Они не могли и подумать, что линия партия «неправильная», что там «наверху» могут ошибаться.

Сталин мог замышлять очередной кадровый погром, но Нина Иванова, обыкновенная девчонка с Арбата, которой ничего не светило при прежнем режиме, выучилась, получила диплом педагога. И что бы там ни было, «Советская власть и партия по-прежнему оставались для Нины святыми понятиями»

И Саша Панкратов в своей Мозгове мечтал об Испании. Как только его освободят, «он тут же запишется в добровольцы, пусть его пошлют в Испанию, где коммунисты сражаются с фашистами, где коммунистический Пятый полк отстоял Мадрид».

По страницам повествования словно бы разлита ностальгия по этой вере в будущее. По тем, кто строил новый мир не ради корысти, не ради привилегий или карьеры, не для господ, а с убеждением, что лишения преходящи, что с победой социализма навсегда исчезнут гнет и несправедливость. По тем подвижникам, бессребреникам, альтруистам, которые были выбиты репрессиями и войной, которых называли «людьми идеи». Сталинский террор был вместе с прочим и преступлением против социализма. И драма утрат соединяется в трилогии с другой, о которой думает Саша Панкратов применительно к своим ровесникам, - с драмой невостребованности: «Хотели служить социалистическому отечеству, а оказались ему не нужны».

И именно нравственное чувство заставляет читателя отделить Юру Шарока и Вадима Марасевича от стайки детей Арбата.

Шарок вырос в том же дворе, что и Саша Панкратовв, и стал его нравственным антагонистом. Рыбаков не дает однозначного ответа, почему это происходит. В романе вообще не показано, как характеры формируются, писатель словно бы подбирает разные объяснения к людям, уже к началу повествования готовым. Читатель волен сделать акцент на той или иной версии, предложенной писателем, помня, разумеется, и об остальных.

 

Для того чтобы Шарок стал Шароком, нужна была эпоха, нуждающаяся в циниках, готовых податься в палачи.

Шароку помогает «выработаться» интеллигентское прекраснодушие окружающих. Лене Будягиной хочется видеть в семье Шароков настоящую простую рабочую семью, в Юре – даже после истории с прерванной беременностью – настоящего интеллигента нового типа. Она попустительствует и подыгрывает Шароку, и чем больше попустительствует и подыгрывает, тем больше он ее презирает. И Лена не одинока: «идеальный» Шарок – плод «коллективного творчества»: «Появилась грубоватость, выдаваемая за проницательность, презрение к сильно интеллигентным, принимаемое за рабочую простоту».

Бывшие одноклассники не слишком любят друг друга. Марасевич побаивается Шарока (и правильно делает), Шарок презирает Марасевича (и не без оснований). Впрочем, этими элементарными эмоциями не покрывается весь рисунок их взаимоотношений, в которых зависть перетекает в страх, а восхищение в брезгливость. Обойтись друг без друга они, однако, не могут. Это для дружбы честных людей необходима открытость, это дружба совестливых людей чревата сложностями. Марасевич и Шарок лишь знают, насколько они взаимно полезны.

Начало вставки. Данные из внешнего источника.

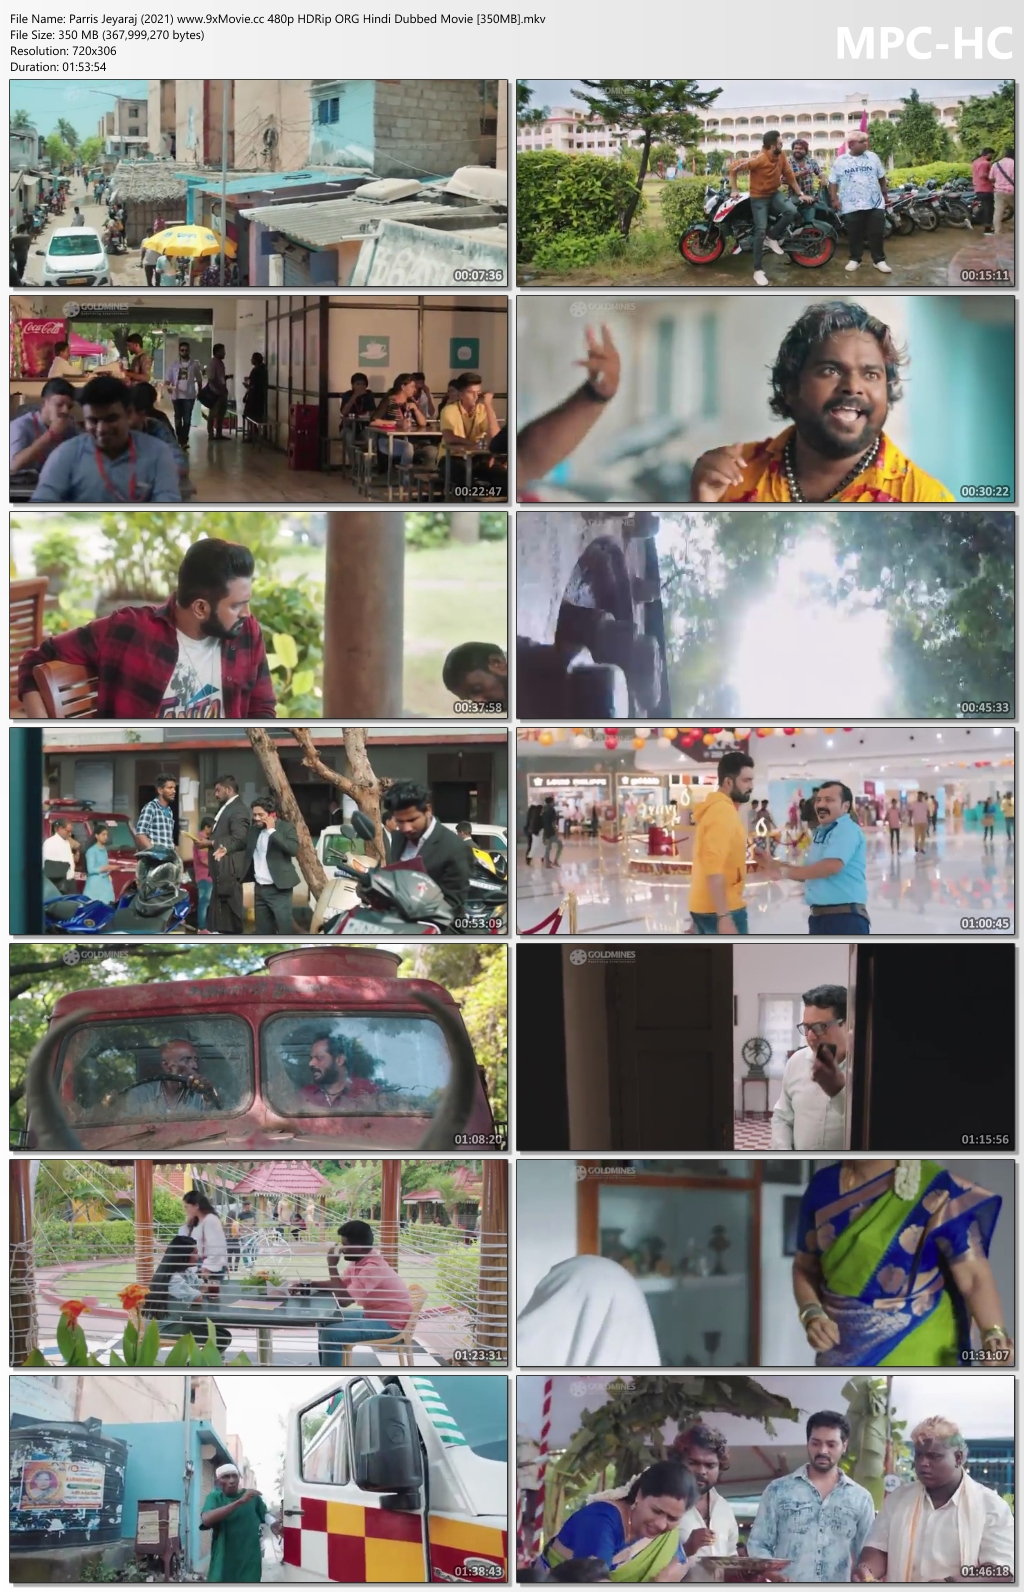 Parris-Jeyaraj-2021-www-9x-Movie-cc-480p-HDRip-ORG-Hindi-Dubbed-Movie-350-MB-mkv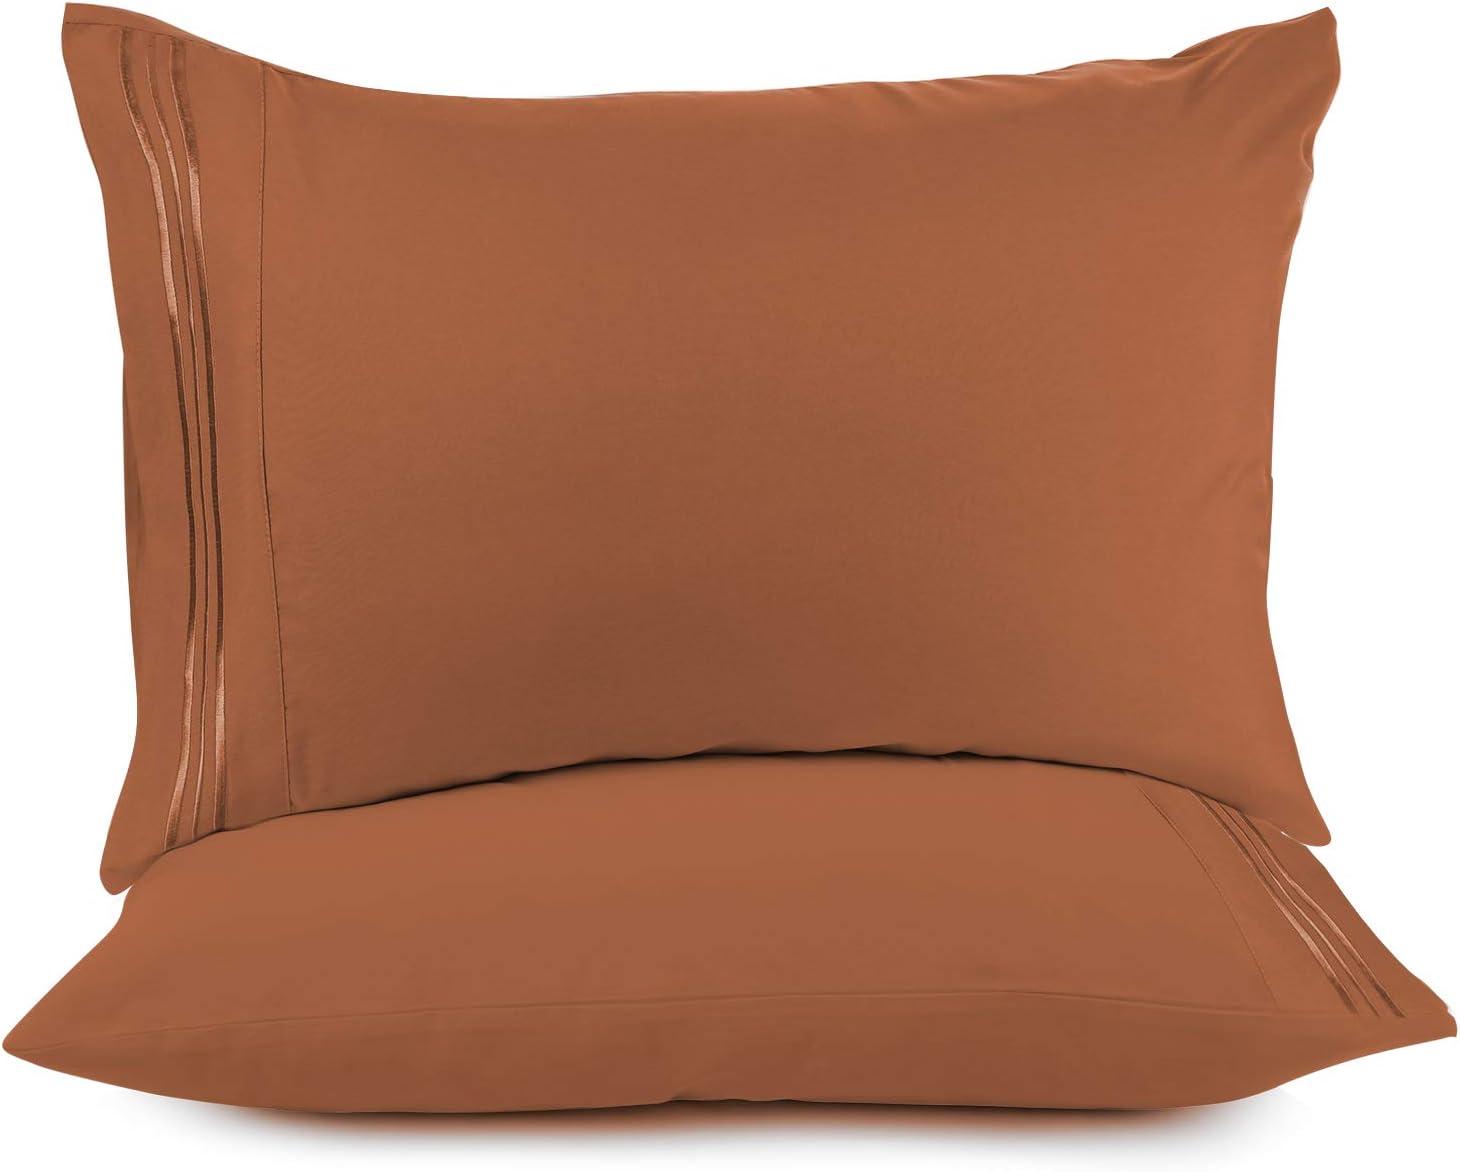 Nestl Bedding Solid Microfiber Queen/Standard 20 x 30 Inches Pillowcases, Orange Rust (Set of 2)

Юре недаром нравится дом Марасевичей. Вадим витийствует о героях будущего, восхваляет новых неграмотных писателей, что путают «юрисдикцию с юриспруденцией».

Пройдет немного времени, и он «радостно будет вещать об упадке Эйзенштейна, о том, что музыка Шостаковича сильна народными мелодиями, захлебываясь от восхищения, станет цитировать слова Белинского о Петре 1 и о народе. И то, что было для Белинского выстраданным и больным, звучит ласковым и готовым одобрением надвигающихся репрессий». (12; 173) Вадим живет моментом, крутит слова, как хочет, налегает на семгу и телятину, льстит окружающим.

Вадим написан с почти откровенной неприязнью, шаржировано. Это простейший случай серьезной проблемы, без которой не мог обойтись автор «Детей Арбата»: проблема творческой интеллигенции.

Благополучно сложившиеся судьбы не более чем редкое и счастливое исключение в трилогии Рыбакова. Его герои - кто раньше, кто позже – сталкиваются с крушением иллюзий. Самых разнообразных – нравственных, политических или чисто житейских. Одни исчезают в пучине репрессий, другие - деформированы ими.

У каждого из героев свои упования и свои миражи. Вчитываясь в параграфы новой Конституции, Саша Панкратов верил и не верил себе. Прямо-таки сказка, конец мытарствам, конец изгнанию. Впереди скорое возвращение в Москву, потому что «никто не посмеет прибавить ему срок, его обязаны освободить… Задержка хотя бы на один день – грубое нарушение закона…». (23;448) И он был прав – Конституция такую гарантию давала. Но прав был и уполномоченный НКВД Алферов, отреагировав на восторженные триады своего поднадзорного скептической усмешкой. Ведь Сталин внятно предупреждал, что «проект новой Конституции оставляет в силе режим диктатуры пролетариата». (23; 449)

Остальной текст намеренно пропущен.